Researchers say they reversed brain damage from Alzheimer’s in mice

For more than 100 years, Alzheimer’s disease has been viewed as a one-way process: once brain damage begins, it can’t be undone. 

Treatments have focused on slowing decline or preventing the disease altogether—not reversing it. Despite billions of dollars in research, no Alzheimer’s drug has ever been tested with the goal of restoring lost brain function.

However, a new study published in Cell Reports Medicine challenges that assumption and suggests a radically different future for Alzheimer’s treatment.

Researchers from University Hospitals, Case Western Reserve University, and the Louis Stokes Cleveland VA Medical Center found that restoring a key energy molecule in the brain allowed mice with advanced Alzheimer’s disease to recover both brain health and memory. The work was led by Kalyani Chaubey, PhD, in the Pieper Laboratory, with senior author Andrew A. Pieper, MD, PhD.

The brain’s energy problem

At the center of the discovery is a molecule called NAD+ (nicotinamide adenine dinucleotide), which plays a critical role in cellular energy and repair. NAD+ levels naturally decline as people age, but the researchers found that the drop is far more severe in the brains of people with Alzheimer’s disease.

“When NAD+ levels fall too low, brain cells lose the ability to carry out essential functions and eventually die,” the researchers reported.

By examining human Alzheimer’s brain tissue and multiple mouse models of the disease, the team showed that disrupted NAD+ balance is a major driver of Alzheimer’s-related brain damage.

Testing reversal—not just prevention

To test whether restoring NAD+ could do more than just slow disease, the researchers used genetically engineered mice that develop Alzheimer’s-like changes seen in humans, including amyloid plaques, tau pathology, inflammation, nerve damage, and severe memory loss.

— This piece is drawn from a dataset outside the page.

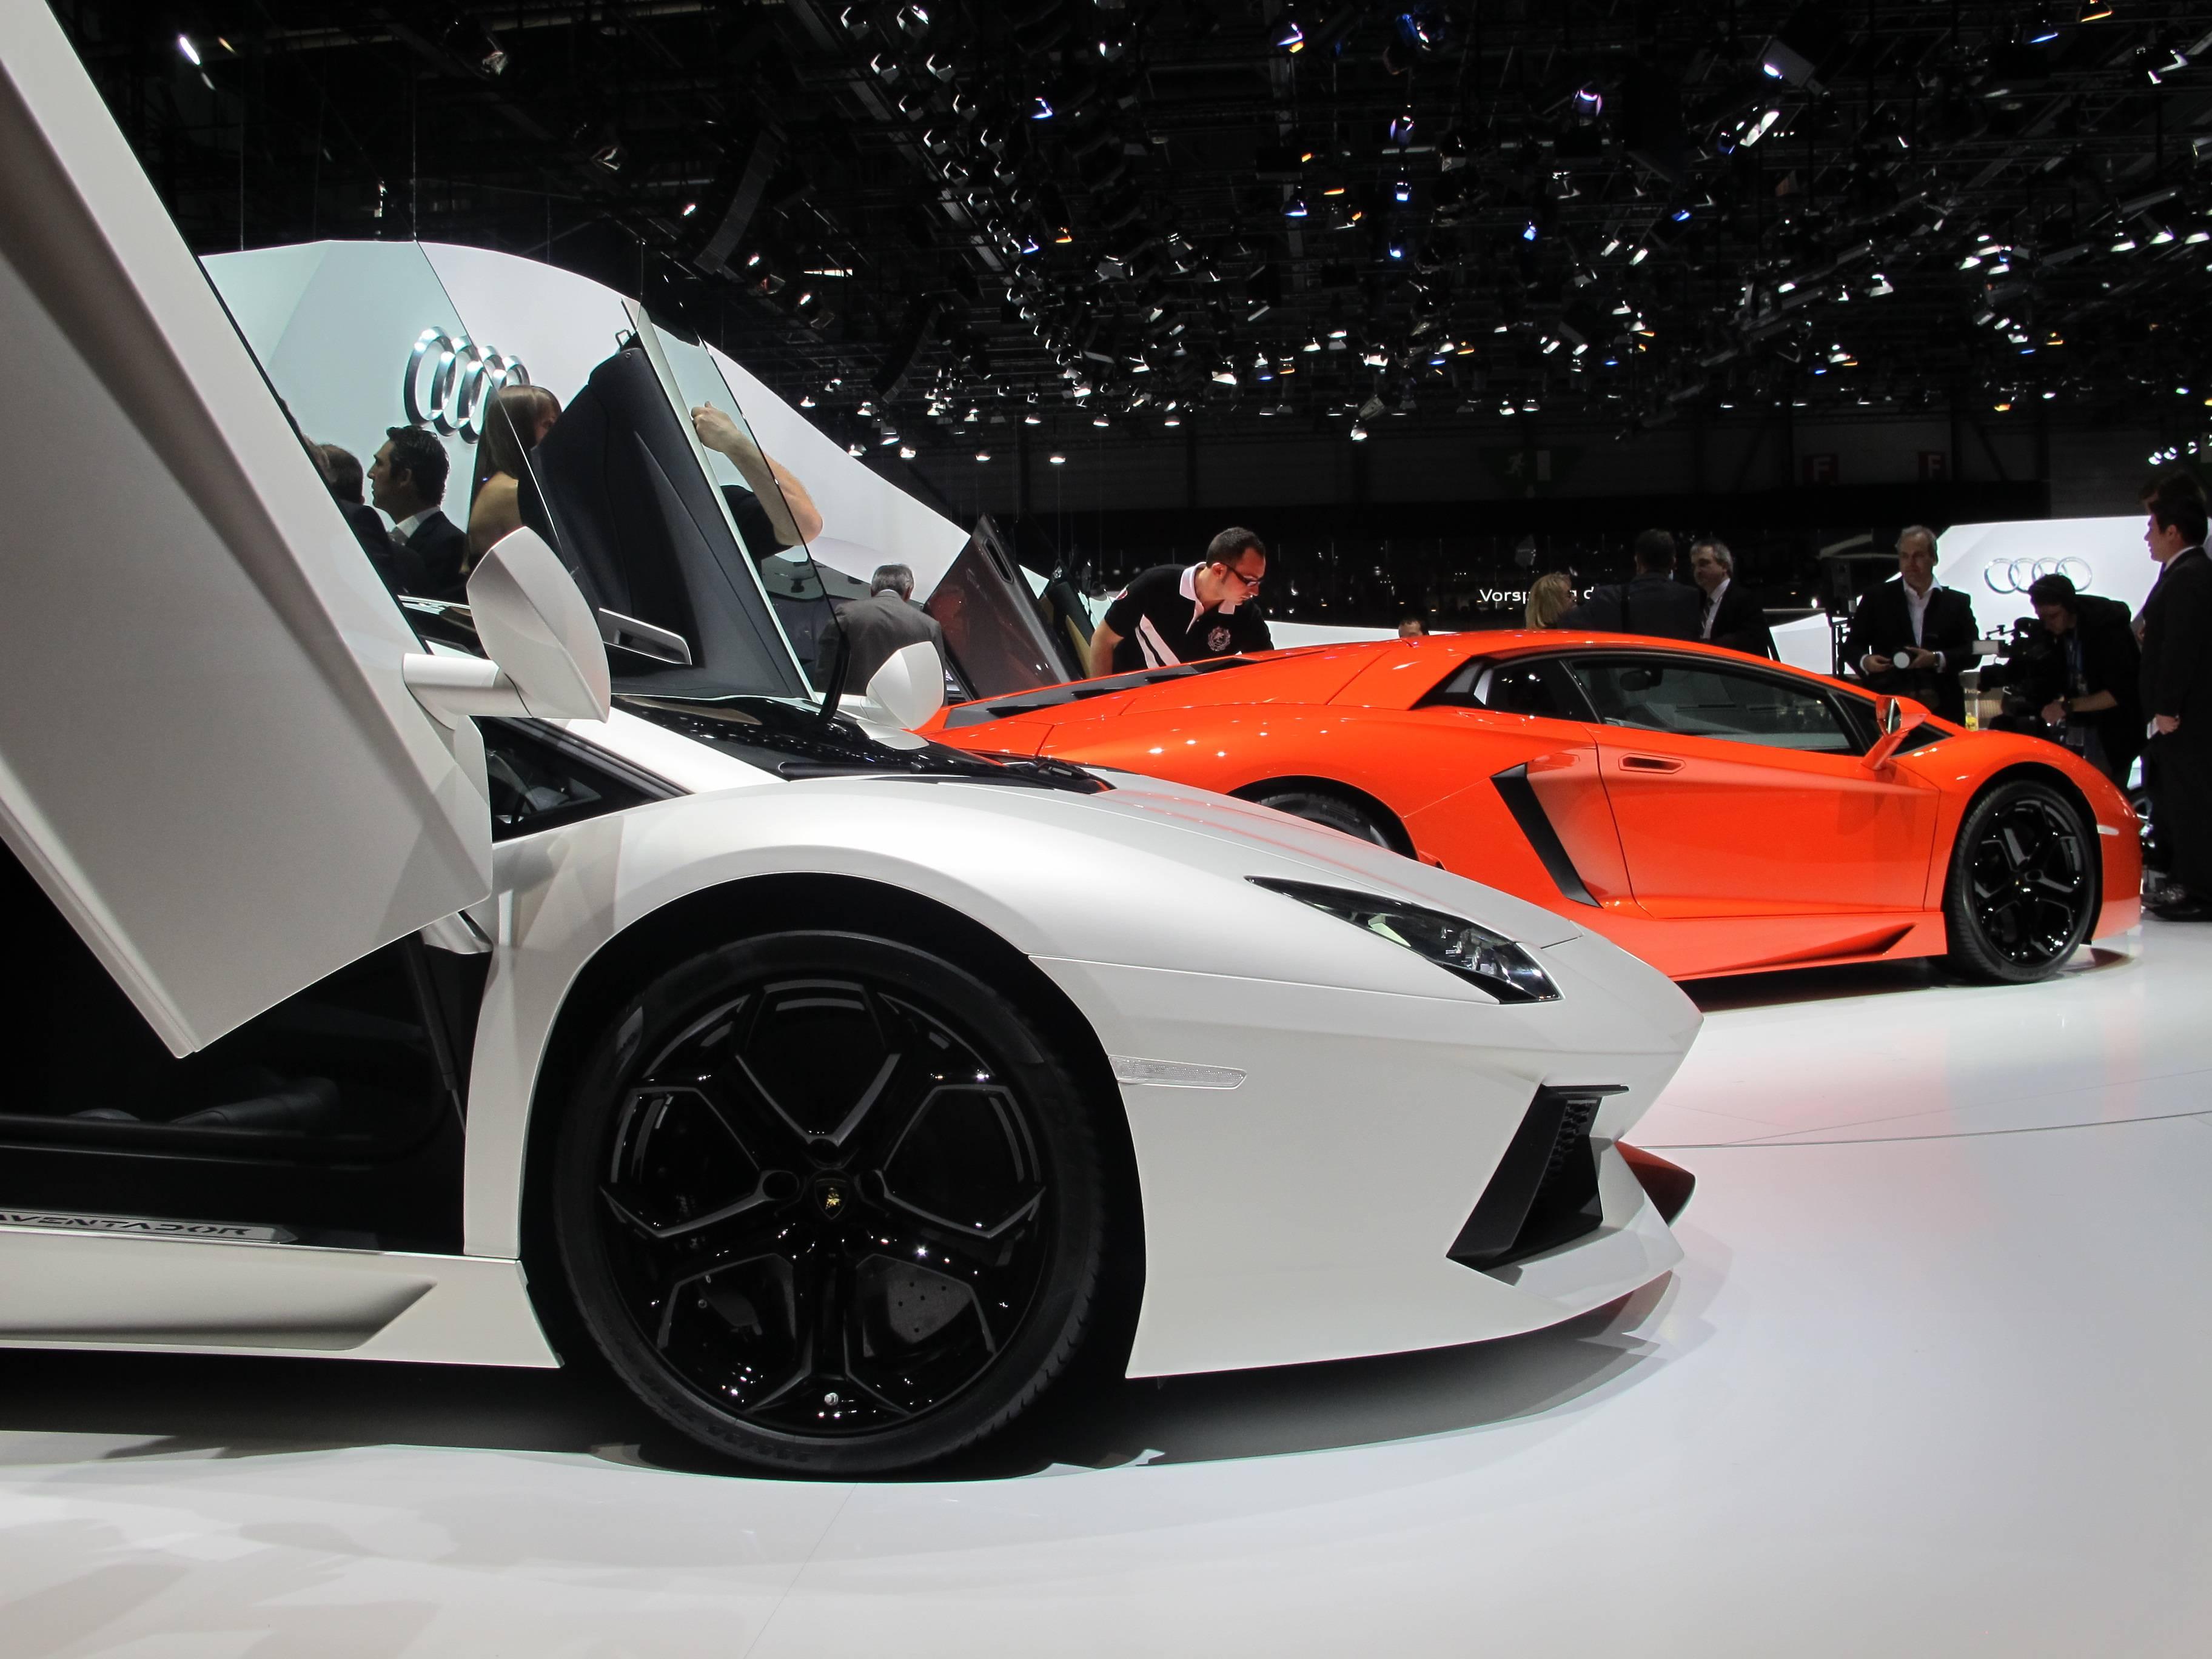 Geneva Motor Show-Lamborghini Aventador LP 700-4

The mice were treated with a drug called P7C3-A20, developed in the Pieper lab, which helps cells maintain healthy NAD+ levels under stress. Importantly, the treatment was given after the disease was already advanced in some animals.

The results were surprising:

• Brain damage related to Alzheimer’s pathology was repaired
• Inflammation and nerve degeneration improved
• Cognitive performance returned to normal
• A key blood biomarker of Alzheimer’s (phosphorylated tau 217) normalized

Both prevention and reversal were seen across two very different Alzheimer’s models, strengthening confidence that the findings aren’t limited to one narrow cause of the disease.

“We were very excited and encouraged by our results,” said Pieper. “Seeing full cognitive recovery in animals with advanced Alzheimer’s suggests the brain may have more capacity to heal than we once believed.”

A note of caution for consumers

The researchers stress that this does not mean people should start taking over-the-counter NAD+ supplements. In fact, Pieper warned that common NAD+ precursors sold as supplements can raise NAD+ to unsafe levels and have been linked in animal studies to increased cancer risk.

The drug used in the study works differently—it helps cells maintain normal NAD+ balance rather than pushing levels too high.

“This distinction is critical for patient safety,” Pieper said.

However, the findings may represent a potential paradigm shift in how Alzheimer’s disease is viewed: not necessarily as irreversible damage, but possibly as a condition the brain can recover from under the right circumstances.